_SOURCE DATA_:

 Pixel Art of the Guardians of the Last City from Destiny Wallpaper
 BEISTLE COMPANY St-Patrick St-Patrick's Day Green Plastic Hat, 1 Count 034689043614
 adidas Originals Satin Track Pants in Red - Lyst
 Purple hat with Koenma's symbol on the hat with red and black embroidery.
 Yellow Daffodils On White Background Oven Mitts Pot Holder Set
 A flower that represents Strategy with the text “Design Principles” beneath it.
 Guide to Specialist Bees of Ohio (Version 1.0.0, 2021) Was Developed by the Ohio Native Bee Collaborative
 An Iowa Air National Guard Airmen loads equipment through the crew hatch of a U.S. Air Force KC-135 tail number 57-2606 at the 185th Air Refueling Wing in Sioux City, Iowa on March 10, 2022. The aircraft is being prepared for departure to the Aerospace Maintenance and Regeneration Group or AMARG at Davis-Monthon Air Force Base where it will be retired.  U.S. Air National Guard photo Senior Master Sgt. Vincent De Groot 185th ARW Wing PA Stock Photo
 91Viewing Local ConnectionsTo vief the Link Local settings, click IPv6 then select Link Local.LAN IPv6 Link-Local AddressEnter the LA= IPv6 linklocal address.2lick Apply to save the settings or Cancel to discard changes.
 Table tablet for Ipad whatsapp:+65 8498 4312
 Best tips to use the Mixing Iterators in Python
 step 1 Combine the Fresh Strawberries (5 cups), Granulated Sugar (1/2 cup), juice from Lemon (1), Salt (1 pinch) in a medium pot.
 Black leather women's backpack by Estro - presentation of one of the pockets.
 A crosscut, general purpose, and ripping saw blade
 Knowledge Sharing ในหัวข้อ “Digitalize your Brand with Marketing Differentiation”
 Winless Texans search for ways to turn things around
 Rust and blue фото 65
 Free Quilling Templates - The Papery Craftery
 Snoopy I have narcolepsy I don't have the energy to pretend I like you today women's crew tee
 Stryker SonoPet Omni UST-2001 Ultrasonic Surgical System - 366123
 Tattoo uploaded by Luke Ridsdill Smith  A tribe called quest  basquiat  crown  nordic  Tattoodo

_WORK ORDER_: Print exactly the lines of the listing above starting at the line containing "A flower that" and ending at the line containing "An Iowa Air", both included.

_SOLUTION_:
 A flower that represents Strategy with the text “Design Principles” beneath it.
 Guide to Specialist Bees of Ohio (Version 1.0.0, 2021) Was Developed by the Ohio Native Bee Collaborative
 An Iowa Air National Guard Airmen loads equipment through the crew hatch of a U.S. Air Force KC-135 tail number 57-2606 at the 185th Air Refueling Wing in Sioux City, Iowa on March 10, 2022. The aircraft is being prepared for departure to the Aerospace Maintenance and Regeneration Group or AMARG at Davis-Monthon Air Force Base where it will be retired.  U.S. Air National Guard photo Senior Master Sgt. Vincent De Groot 185th ARW Wing PA Stock Photo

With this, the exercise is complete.